Over expression of miR-34a in both NB1691luc and SK-N-ASluc neuroblastoma cell lines led to a significant decrease in cell number relative to premiR-negative control treated cells over a 72 hour period. Flow cytometry results indicated that miR-34a induced cell cycle arrest and subsequent apoptosis activation. Phosphoprotein analysis highlighted key elements involved in signal transduction, whose activation was dysregulated as a result of miR-34a introduction into cells. As a potential mechanism of miR-34a action on phosphoprotein levels, we demonstrate that miR-34a over-expression results in a significant reduction of MAP3K9 mRNA and protein levels. Although MAP3K9 is a predicted target of miR-34a, direct targeting could not be validated with luciferase reporter assays. Despite this fact, any functional effects of reduced MAP3K9 expression as a result of miR-34a would be expected to be similar regardless of the mechanism involved. Most notably, in vivo studies showed that tumor growth was significantly repressed after exogenous miR-34a administration in retroperitoneal neuroblastoma tumors.
We demonstrate for the first time that miR-34a significantly reduces tumor growth in an in vivo orthotopic murine model of neuroblastoma and identified novel effects that miR-34a has on phospho-activation of key proteins involved with apoptosis.
神经母细胞瘤是一种起源于交感神经系统前体细胞的小儿癌症,占儿童癌症死亡率的 15%。在 miRNA 与神经母细胞瘤相关的作用方面,miR-34a 定位于染色体 1p36 区域,该区域通常缺失,已被发现通过靶向与细胞增殖和凋亡相关的众多基因作为肿瘤抑制因子发挥作用。

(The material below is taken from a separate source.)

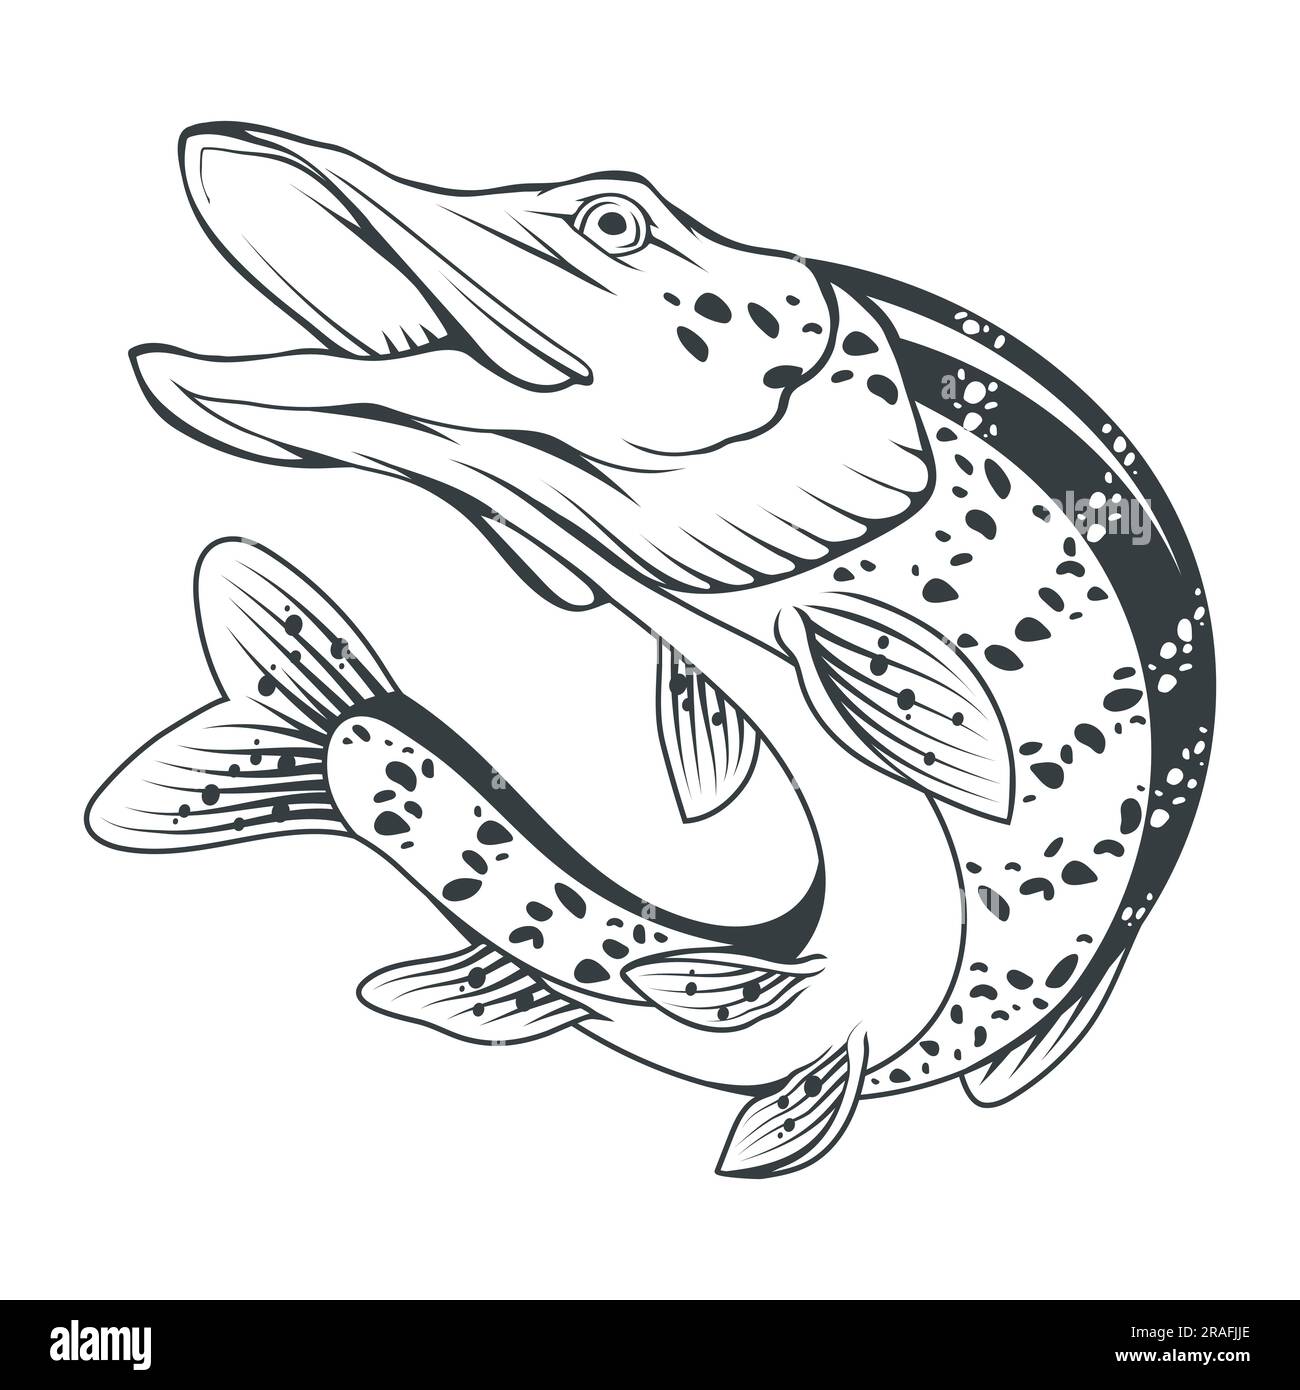 https://c8.alamy.com/comp/2RAFJJE/pike-vector-illustration-of-a-sketch-jumping-fish-fishing-logo-angry-fish-2RAFJJE.jpg

将合成的 miR-34a(或阴性对照)前体分子转染到 NB1691luc 和 SK-N-ASluc 神经母细胞瘤细胞中。在进行体外和体内分析之前,使用定量 PCR 验证 NB1691luc 和 SK-N-ASluc 细胞系中 miR-34a 水平的增加。进行体外分析,以研究 miR-34a 过表达对细胞生长、细胞周期和信号转导途径中磷酸化蛋白激活的影响。将过表达 miR-34a 的神经母细胞瘤细胞注入免疫缺陷型 CB17-SCID 小鼠的腹膜后,并通过测量生物发光(光子/秒/平方厘米)在 21 天的时间内评估肿瘤负担。
在 NB1691luc 和 SK-N-ASluc 神经母细胞瘤细胞系中过表达 miR-34a 导致细胞数量在 72 小时内相对于 premiR-阴性对照处理的细胞显著减少。流式细胞术结果表明,miR-34a 诱导细胞周期停滞和随后的细胞凋亡激活。磷酸化蛋白分析突出了信号转导中涉及的关键元件,其激活由于 miR-34a 引入细胞而失调。作为 miR-34a 对磷酸化蛋白水平作用的潜在机制,我们证明 miR-34a 过表达导致 MAP3K9 mRNA 和蛋白水平的显著降低。尽管 MAP3K9 是 miR-34a 的预测靶标,但不能通过荧光素酶报告基因测定验证直接靶向。尽管如此,由于 miR-34a 导致 MAP3K9 表达减少,任何功能影响都应该是相似的,而不管涉及的机制如何。值得注意的是,体内研究表明,在神经母细胞瘤腹膜后肿瘤中给予外源性 miR-34a 后,肿瘤生长明显受到抑制。
我们首次证明 miR-34a 显著降低神经母细胞瘤在体内原位小鼠模型中的肿瘤生长,并确定了 miR-34a 对涉及凋亡的关键磷酸化蛋白激活的新作用。